Ligamos os pontos e, voilá!, o torto se endireita, o quebrado se remonta em alegria e saudade. Aquele 23 de abril de 2003 foi mais uma etapa da cicatrização de feridas abertas na relação pai e filho, com recuperação sempre pautada pelas palavras nunca ditas, pelo olhar de acolhimento, pelas experiências em conjunto, pelos interesses em comum que nos aproximavam com força. Se trincasse novamente, certamente lá estaria o glorioso Esporte Clube Vitória, dentre outros afins, para nos socorrer.
POST SCRIPTUM
Veja a falta que a tecnologia fez. Não há, de minha parte, um registro sequer daquela mágica noite. Celulares com câmeras não existiam – e mesmo que existissem, não teríamos condições de comprá-los. Também, claro, não fomos carregando máquina fotográfica, luxo que não tínhamos. “Ter” era verbo que não podíamos conjugar.
Como recordação, guardei o canhoto do ingresso deste jogo por anos. No meio das inúmeras mudanças de casa, óh, céus!, ele se perdeu. Em vão, ainda hoje reviro gavetas e caixas de recordações buscando aquele registro.
Certa vez, em 2004 ou 2005, comentando sobre este canhoto com uma fanática amiga rubro-negra que tinha vindo morar em São Paulo, recebi uma proposta de compra. “Se encontrar, eu compro. Não importa o preço.” Mas eu nunca seria capaz de vendê-lo.

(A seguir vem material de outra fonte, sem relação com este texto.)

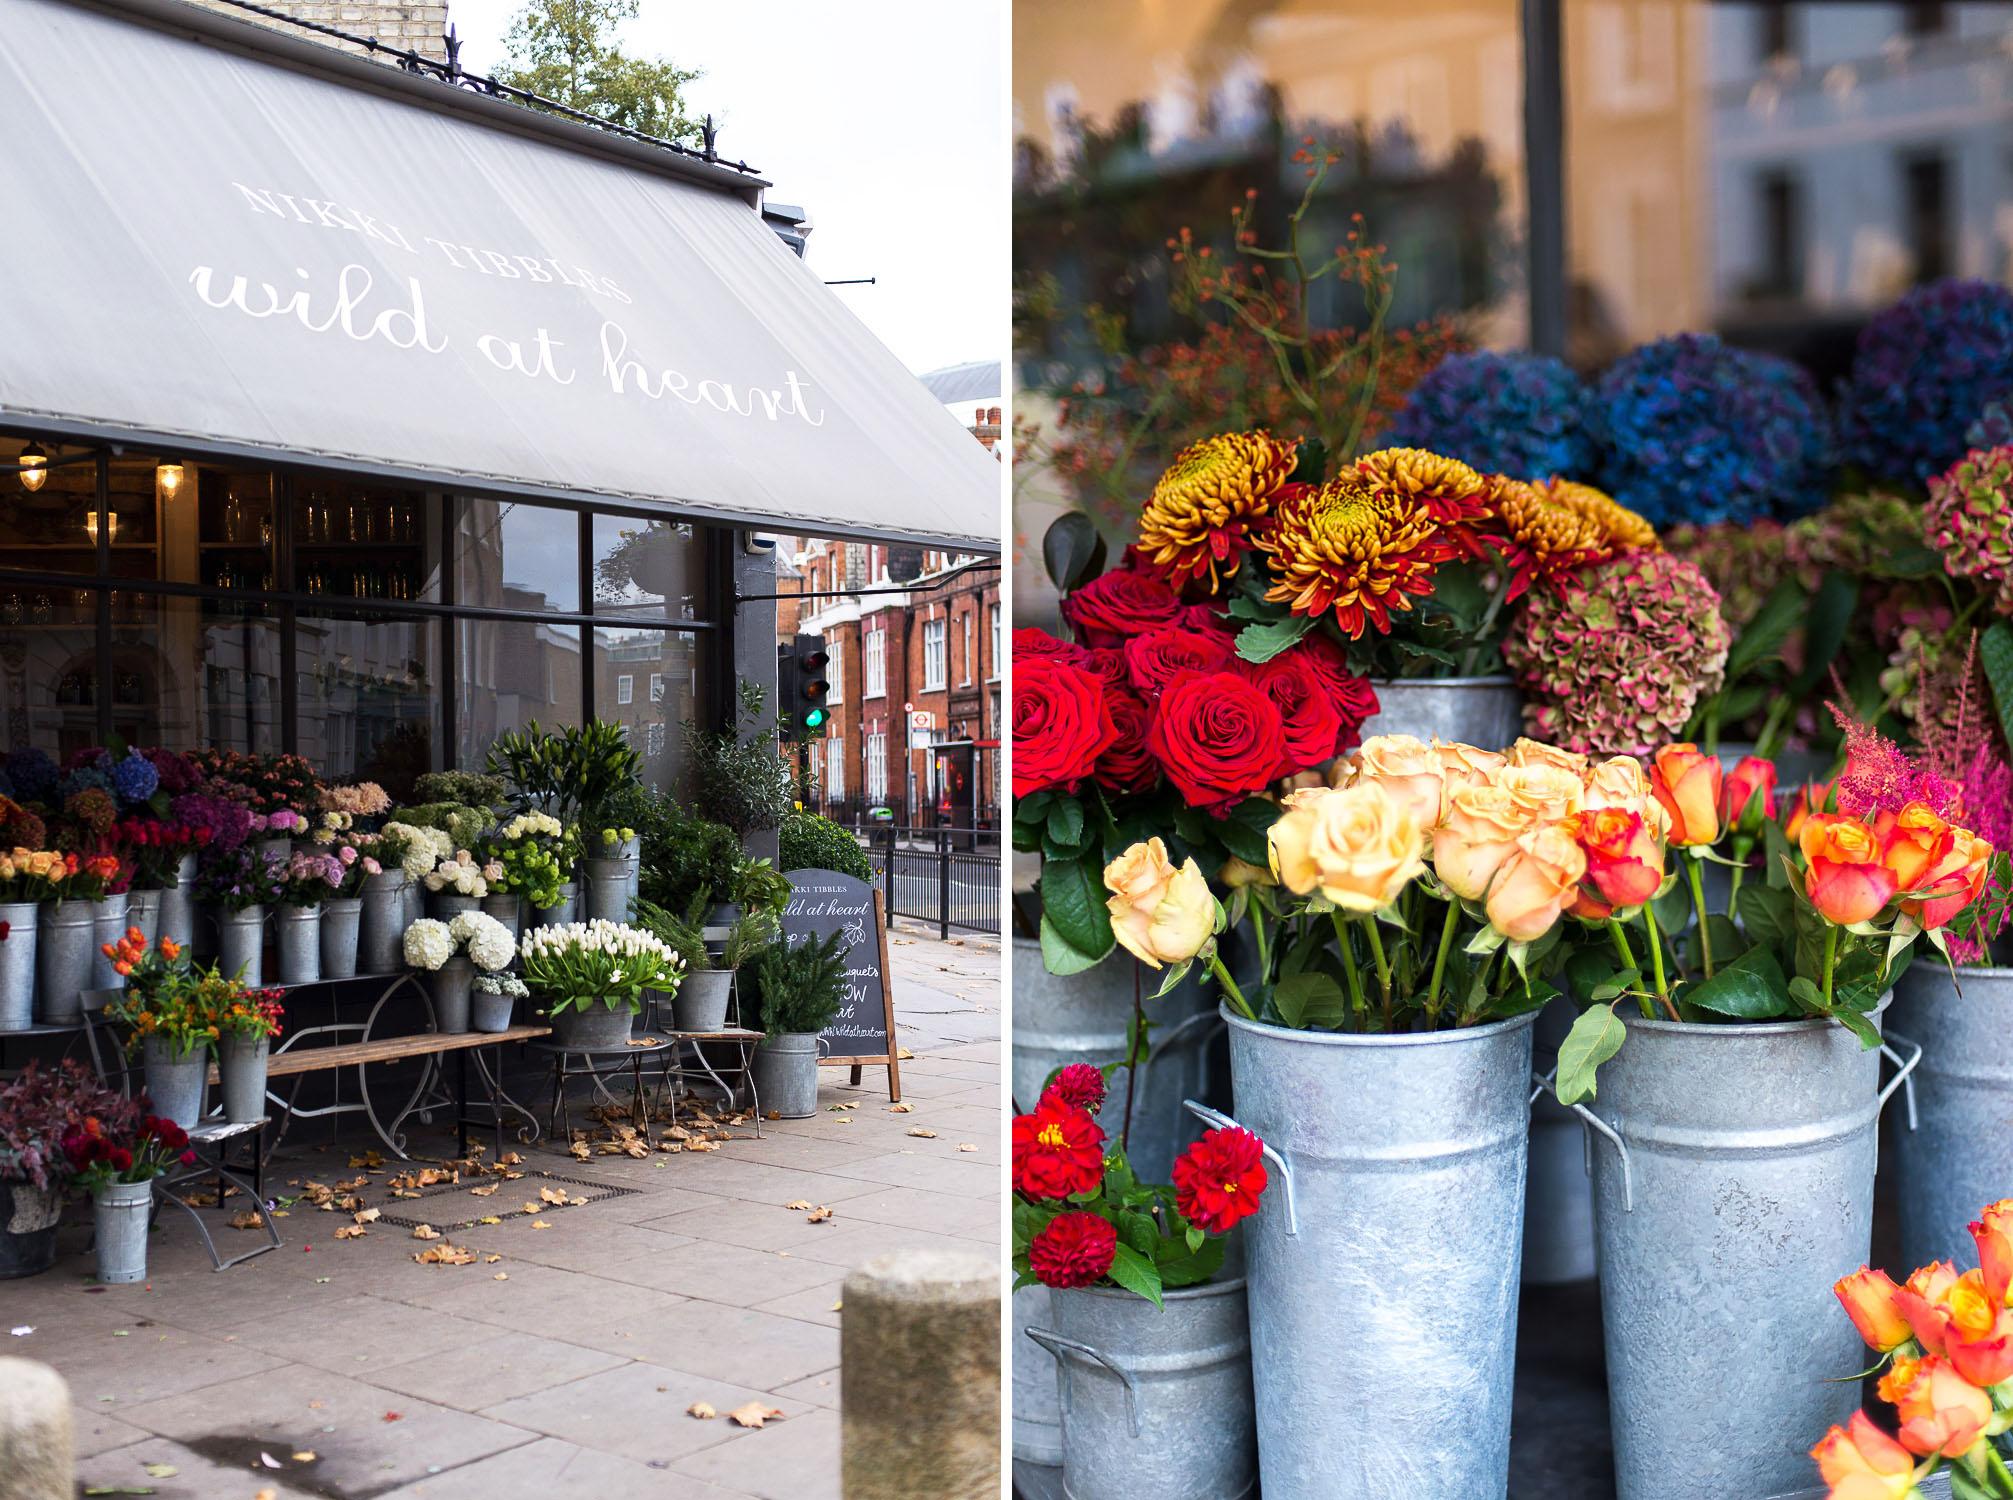 Wild at Heart florist, Pimlico

Nossa memória nos prega peças na maneira como armazena o passado. O que é mais antigo vai sendo varrido para a lixeira da mente, abrindo espaço no HD para novos guardados. Guardado tão bem guardado que duvidamos da veracidade, tão longe que está que mentira parece. No que pequenos pedaços de papel, fotografias, objetos, qualquer coisa!, viram materialização de que não estamos loucos, de que sabemos de onde viemos, por onde estivemos, e podemos provar!
Se eu, por um milagre, encontrar este canhoto maroto, em vez de vendê-lo, tratarei é de guardar com extremo zelo e carinho. Quem sabe até enquadrar. Seria a prova irrefutável da história vivida. Aquela noite, de conexão máxima com a Bahia, com o Vitória e com meu pai, não pode jamais ser esquecida.
Lembrando o grande Rubem Alves:
Aquilo que está escrito no coração não necessita de agendas, porque a gente não esquece. O que a memória ama fica eterno.